Forget everything you've been taught about winning arguments. Wes Cecil’s radical reframing—that Renaissance giants like Michelangelo didn’t chase correctness but fabulousness—exposes how our obsession with 'rightness' traps us in exhausting power struggles. In a culture where being wrong feels like moral failure, this isn’t just refreshing—it’s urgent liberation.

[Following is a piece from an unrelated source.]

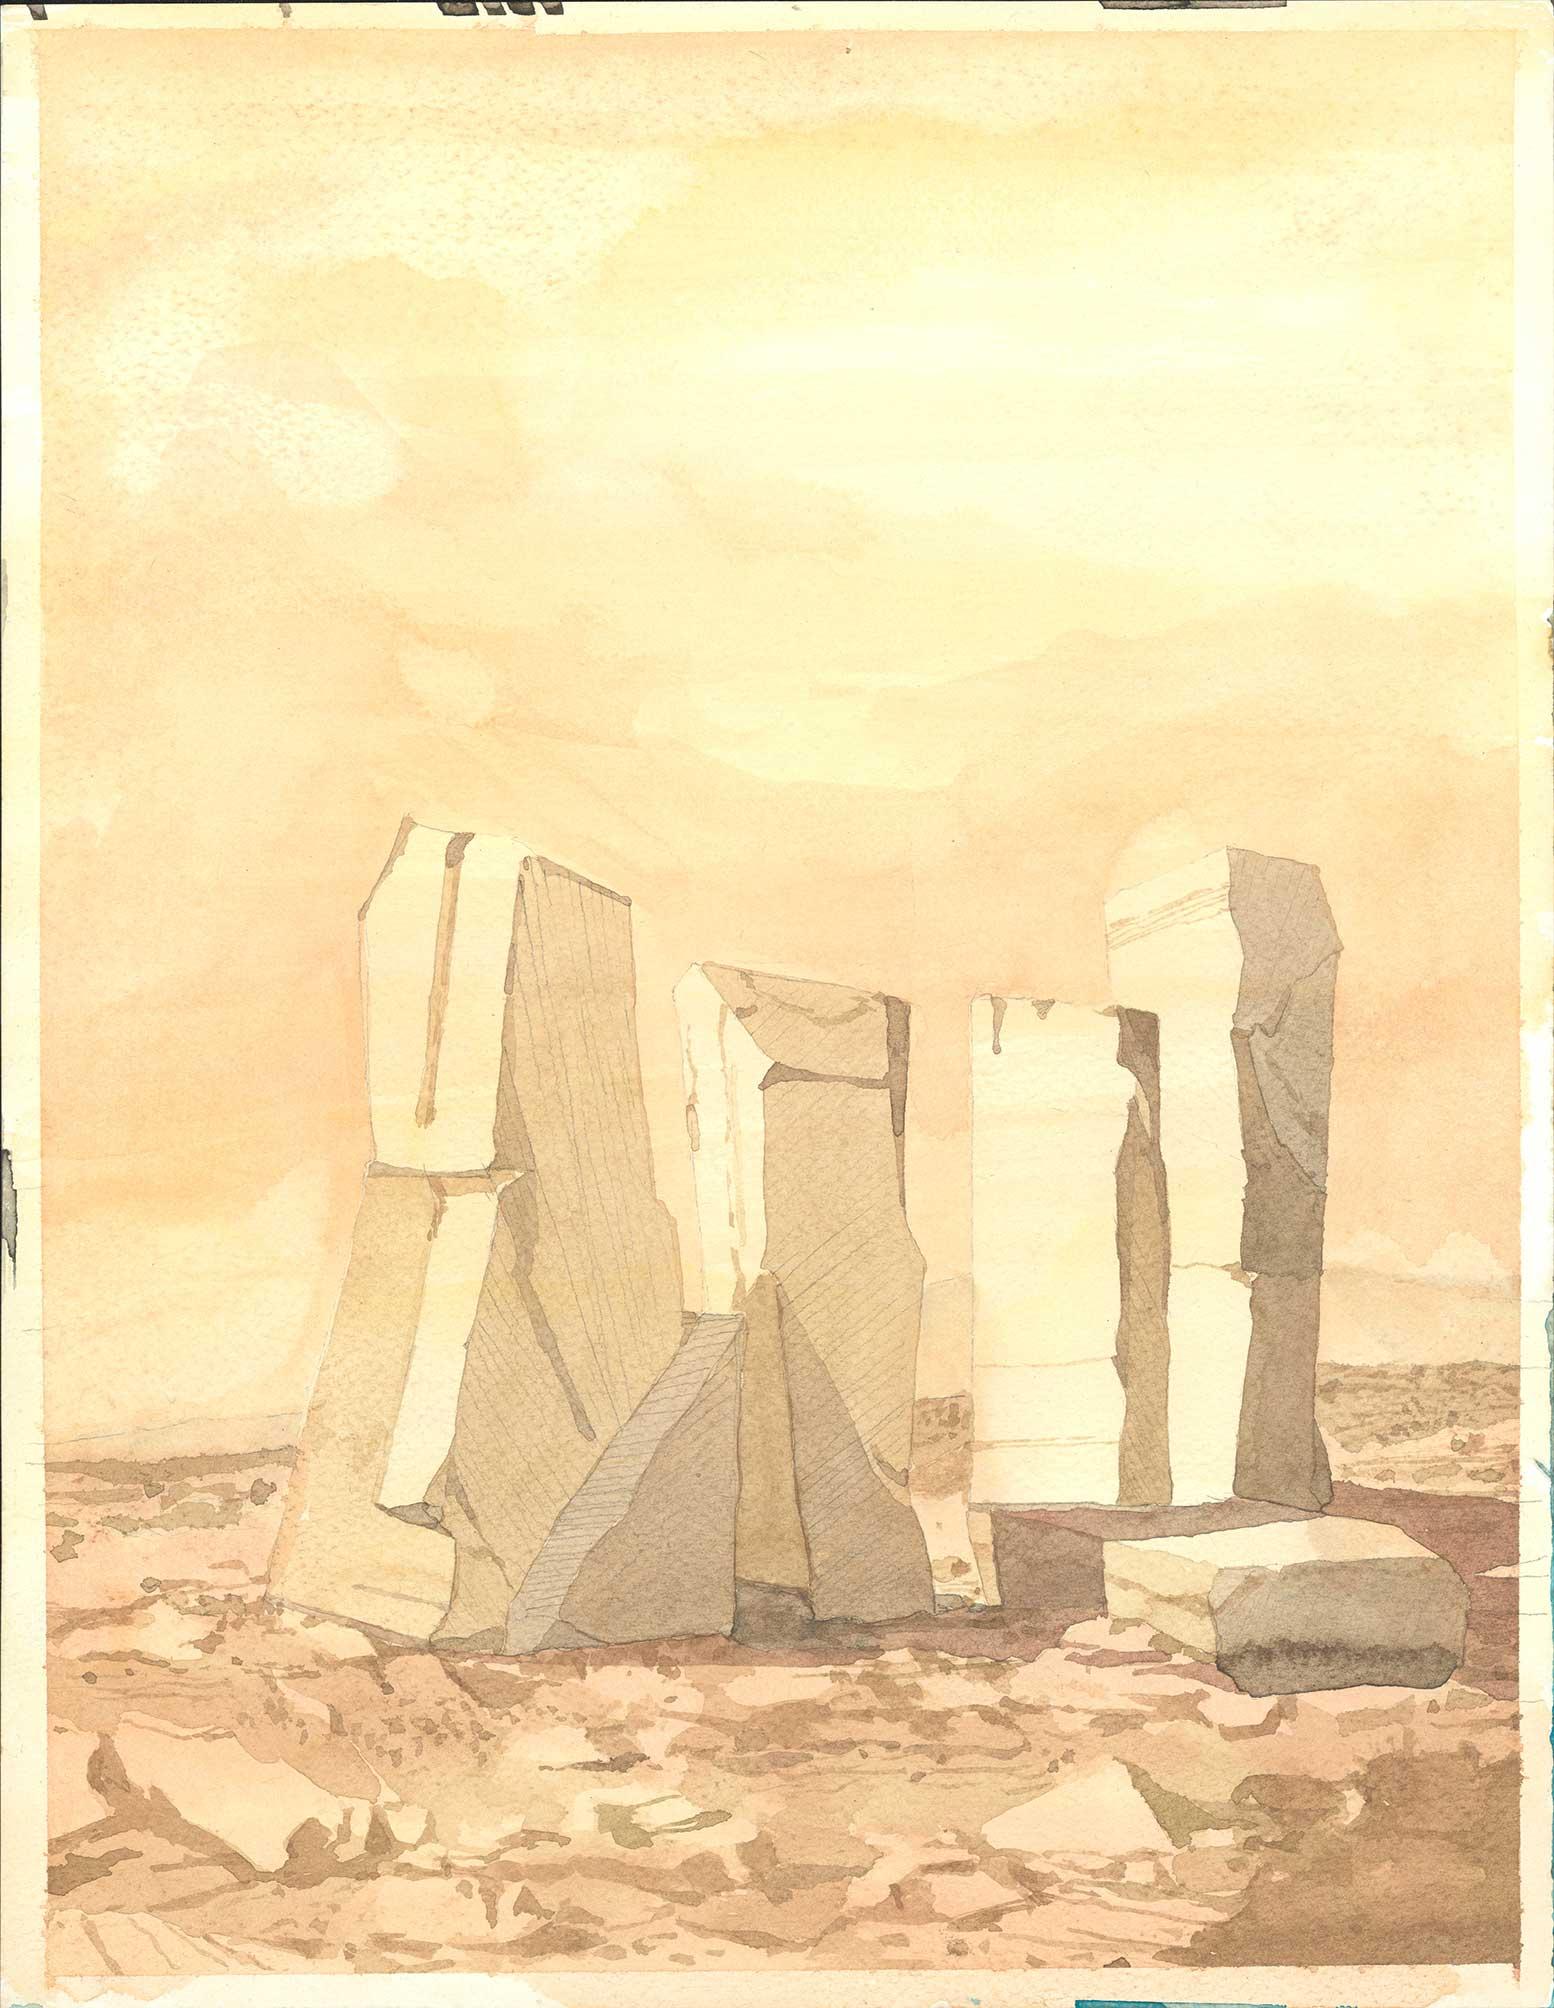 """a martian landscape"" Aquarell und Bleistift auf Papier 35 x 27 cm"

The Fabulous Alternative to Rightness

Wes Cecil writes, "the Renaissance artists, Renaissance cultural figures, thinkers and writers seem to get up in the morning and ask themselves not how can I be right, but how can I be fabulous." He argues they saw output as a reflection of integrated personal excellence—whether sculpting David or drafting diplomatic treaties. When Cecil notes that in 1508, Michelangelo prioritized terribilità (awe-inspiring grandeur) over doctrinal precision in the Sistine Chapel, he reveals a worldview where beauty trumped binary judgments. This wasn’t about ego; it was about "an incredibly different approach to how you understand the world." The core insight lands because it dissolves the false choice between conformity and rebellion—we’re freed to pursue meaning, not validation.

How to be wrong - and why

Rightness as a Power Trap

Cecil dissects how "rightness" operates as a tool of control: "it comes in two forms... one is when people are trying to be right... this is about imposing power. It’s a power struggle." He’s equally sharp on the flip side—how we outsource judgment to systems that reward guessing what authorities want, not truth-seeking. As he puts it, "I’m asking myself over and over again what is it that they want me to say... so that they’ll tell me I’m right." This resonates painfully in our age of algorithmic validation, where social media turns every opinion into a contest for external approval. Cecil’s genius is framing this not as personal weakness but as a rigged game we’ve all been forced to play.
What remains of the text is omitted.